Question 14 (Manually Graded) (4 points)
Write a function that takes in the amount of discount pork we will pre-purchase as a variable (x).
Inside the function, write a 1000 iteration loop that solves the optimization problem with random variables for demand and x as your stand in for the minimum amount of discount pork produced. Track the amount of full-price pork used and the cost of each iteration and return both from your function.
You may base your Pyomo model on either the concrete or abstract formulations in Lesson 1 and Lesson 2 presentations, respectively.
After you've written your function, demonstrate it using 20 as the amount of discount pork purchased. Plot histograms of the Kilograms of Full-Price Pork purchased and the cost.
Submit both your code and the two histograms in Canvas.
Hints:
You need to write the LP in terms of this variable x
Put the whole LP inside a function
Account for the discount by subtracting 1.22*x from the objective
x is like the 23 kg in the original model
x + 7 is the max amount of pork you can use
Inside the function you have a loop around the LP that repeats the solution 1000 times, each time with diff. random demands.
Track the kg of full-priced pork, and the minimized cost.
Return the kg of full-priced pork and the minimized cost as numpy arrays.

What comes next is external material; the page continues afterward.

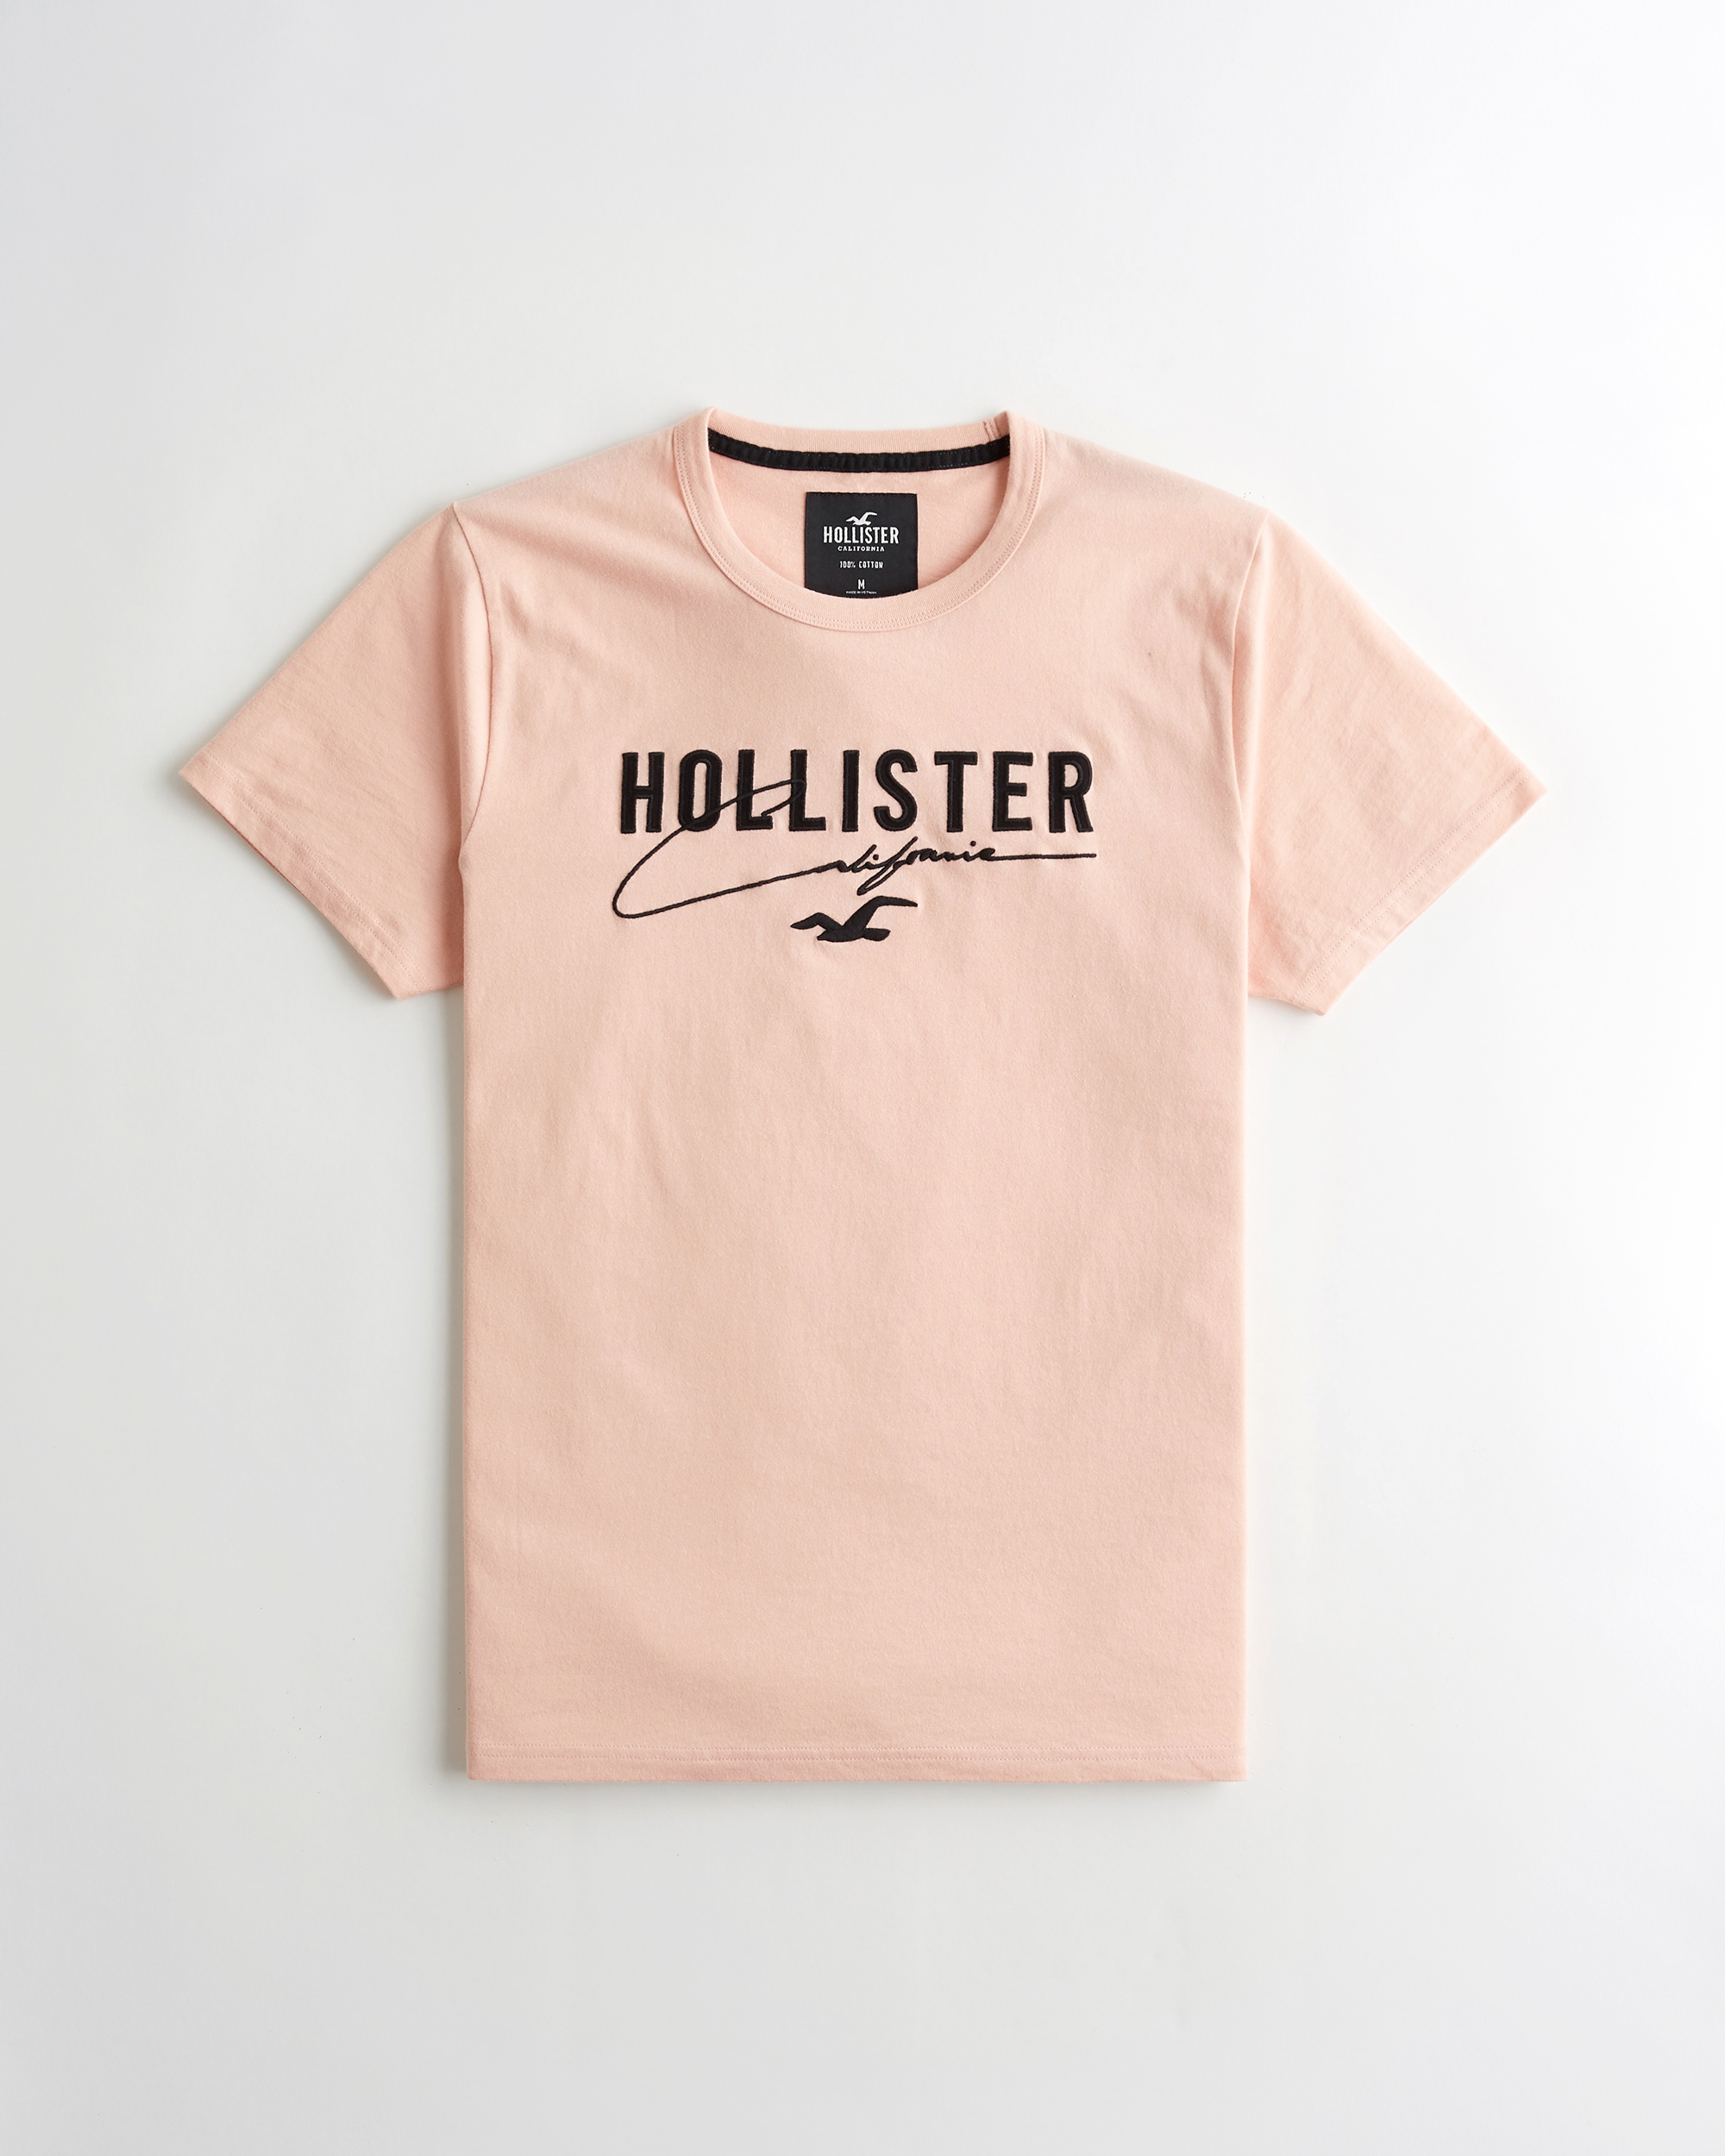 hollister t shirts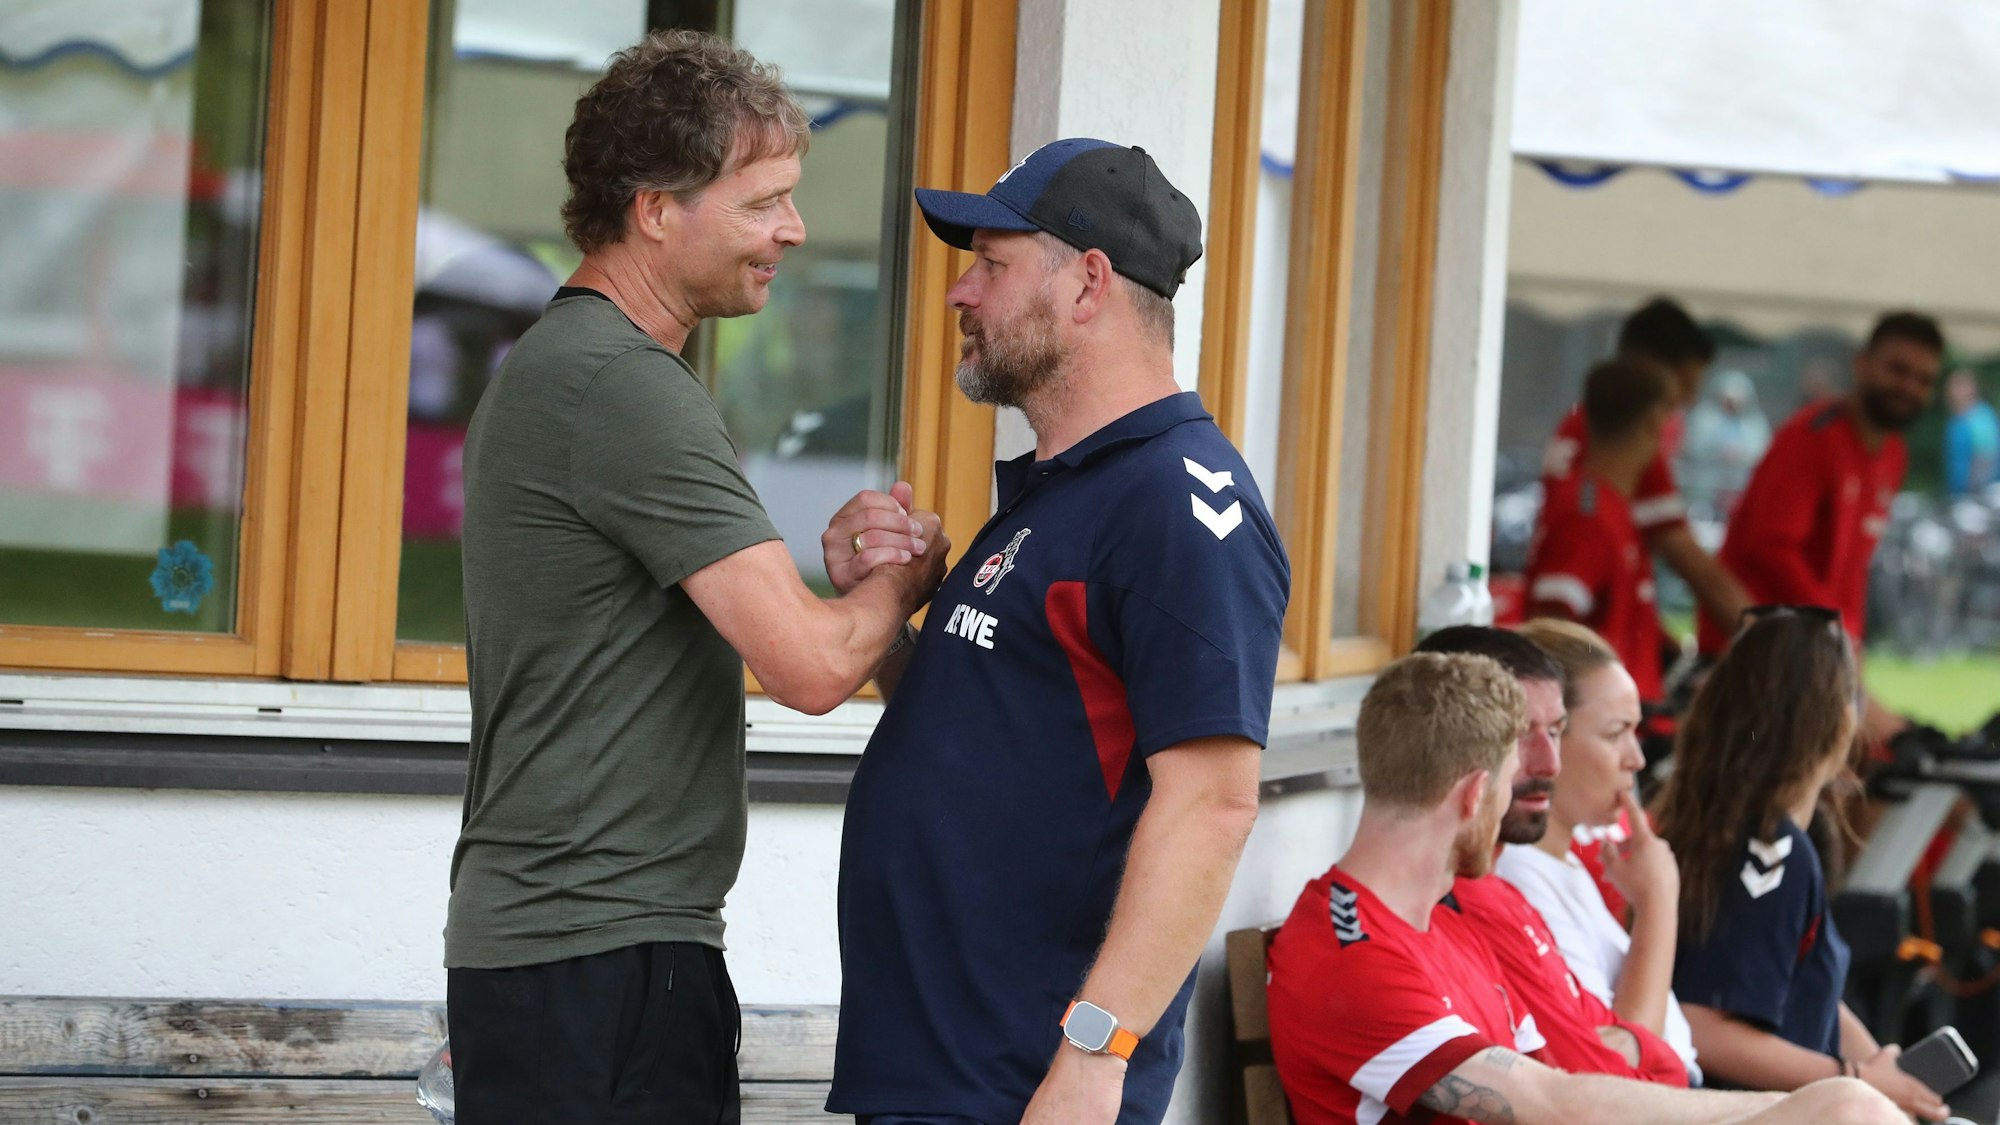 FC-Trainingslager in Maria: FC-Coach Steffen Baumgart im Gespräch mit Marcus Sorg vom DFB.

Notice that the final cost and the amount of full-price pork purchased have distributions that fairly closely match each other. That's because full-price pork is the most expensive component of our sausages. The more full-price pork we use, the more expensive our product is. We'd like to optimize the amount of full-price pork we use.
Question 15 (2 points)
Which range does the average optimized cost fall into, when pre-purchasing 20kgs of pork?
80-99
100-125
126-150
151-170
Question 16 (Manually Graded) (5 points)
Write a loop to call your function for all the values of pre-order quantities between and including 17 and 28.
Store the values of:
pre-order quantities
the mean, 5th percentile and 95th percentile of the cost.
After your loop, print the values in a dataframe and generate a trend chart showing the mean cost versus the pre-purchased pork amount. Your trend chart should should include trend lines as in the lesson.
Note: This may take a while to run.
Hints:
You want to find the best amount to pre-purchase.
Use a loop to check x = 17, 18, 19, ... 28.
Make a table including x and the other quantities listed above.
Question 17 (Manually Graded) (2 points)
Based on your dataframe and trend chart, what is the optimal amount of pork to pre-purchase. Why?